# Source for 26 volt, 1.15 amp output video transformers?



## hkhenry (Oct 21, 2005)

The video transformer that supplies power to my coax headend (home video distribution system) is apparently beginning to fail. Surprisingly, finding a replacement for the transformer has become a bit of a project. Radio Shack and others I've tried can only get as close as a 24 volt unit and the amps do not match at all. One salesman suggested I try the original manufactuer, Ault Inc., but their web site provided me with no encouragement -- do they still sell the product?, how do I contact them electronically? At this point, I would be happy to buy any video transformer with the right specs. Sorry if I have posted this in the wrong place. This is my very first posting to any chatroom. Thanks in advance. keith


----------



## AntAltMike (Nov 21, 2004)

You are looking for a step-down transformer. Is the output AC or DC? 26 volts is usually AC, but AC transformers usually work or don't, whereas one "leg" of a DC rectifier has failed or the internal filter capacitor has deteriorated and so the device connected to such a converter will suffer the effects of 60 Hz or 120 Hz hum.

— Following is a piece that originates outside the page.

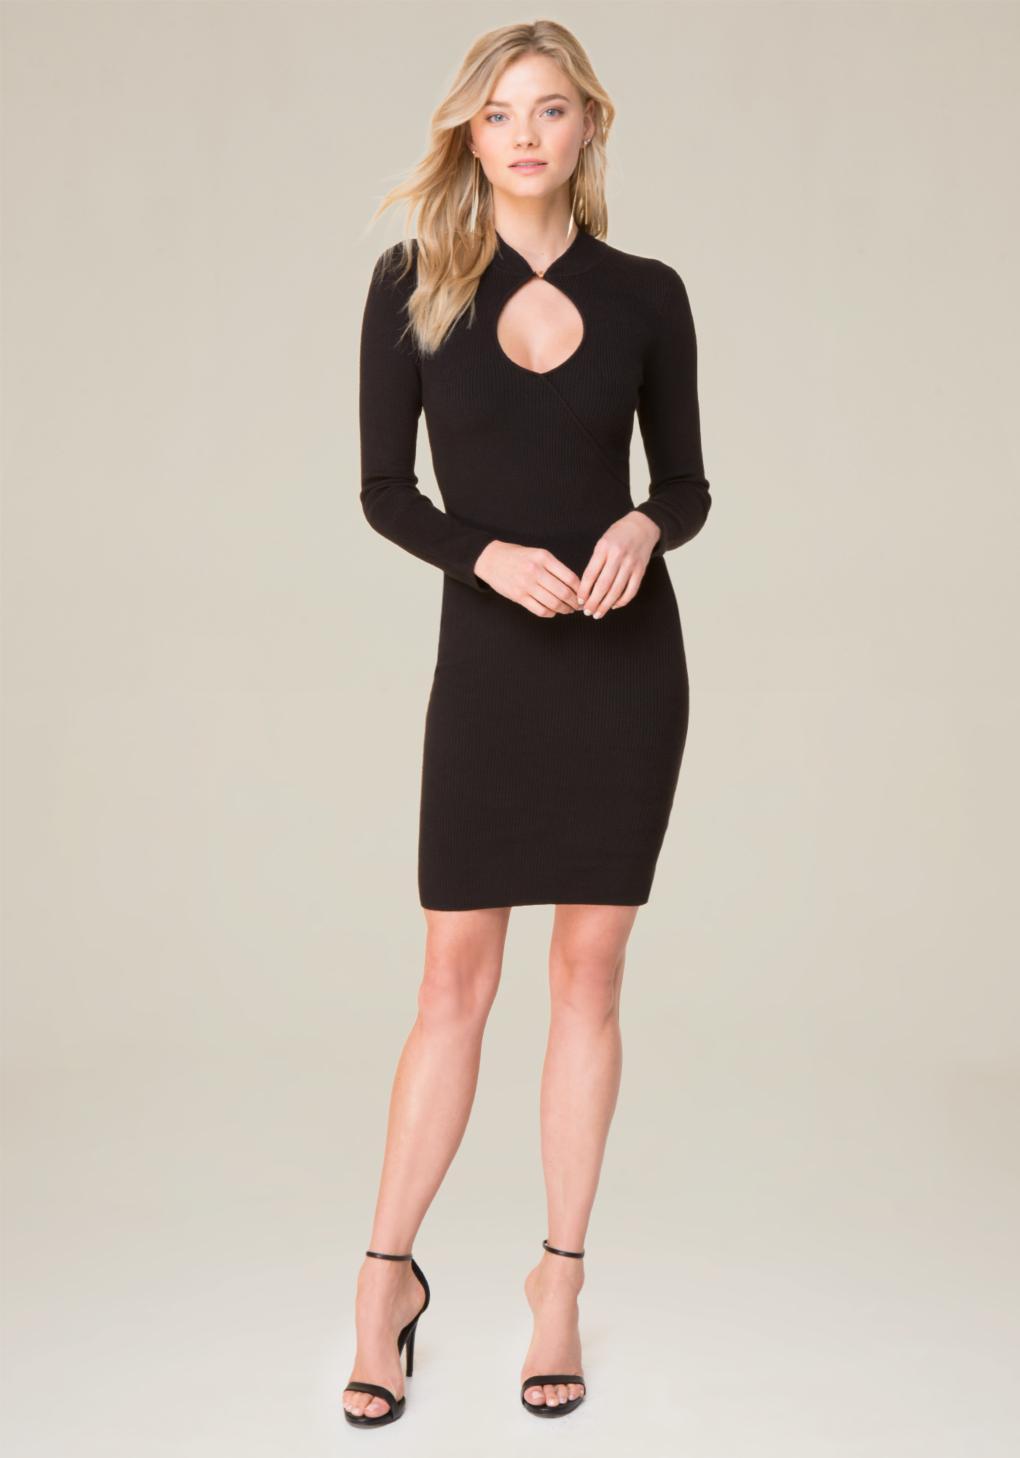 lyst bebe keyhole knit dress in black. Black Bedroom Furniture Sets. Home Design Ideas

Don't worry about exactly matching the voltage, but consider the amp rating to be a minimum. You may have to use plug from your old supply if the new one is not compatible. with your video system's input connector. 

There are lots of transformers and power supplies available on eBay cheap, but it takes a little persistence to find them. I think 26.2 or 26.3 VAC is a standard filament transformer output voltage


----------



## AntAltMike (Nov 21, 2004)

Blonder Tongue makes a 27 volt, 1.3 amp transformer for its BIDAs that don't have internal power supplies. I'll look at one tomorrow to see what the part number is. I think I pay under $15 for them, so you might pay about $30 if you can find a dealer to sell you one.


----------



## AntAltMike (Nov 21, 2004)

Blonder Tongue part number 515013400B. Transformer for ARP-ACA/-RP amplifier. 26.3 VAC, 1.3 amp.

Or, if you want a little surplus capacity:
Blonder Tongue part number515024900B. Transformer for ARP-FRDA amplifier. 26.3VAC, 1.7 amp.

Blonder Tongue won't sell them directly to you, but you might be able to get Solid Signal or Stark Electronic to order one.


----------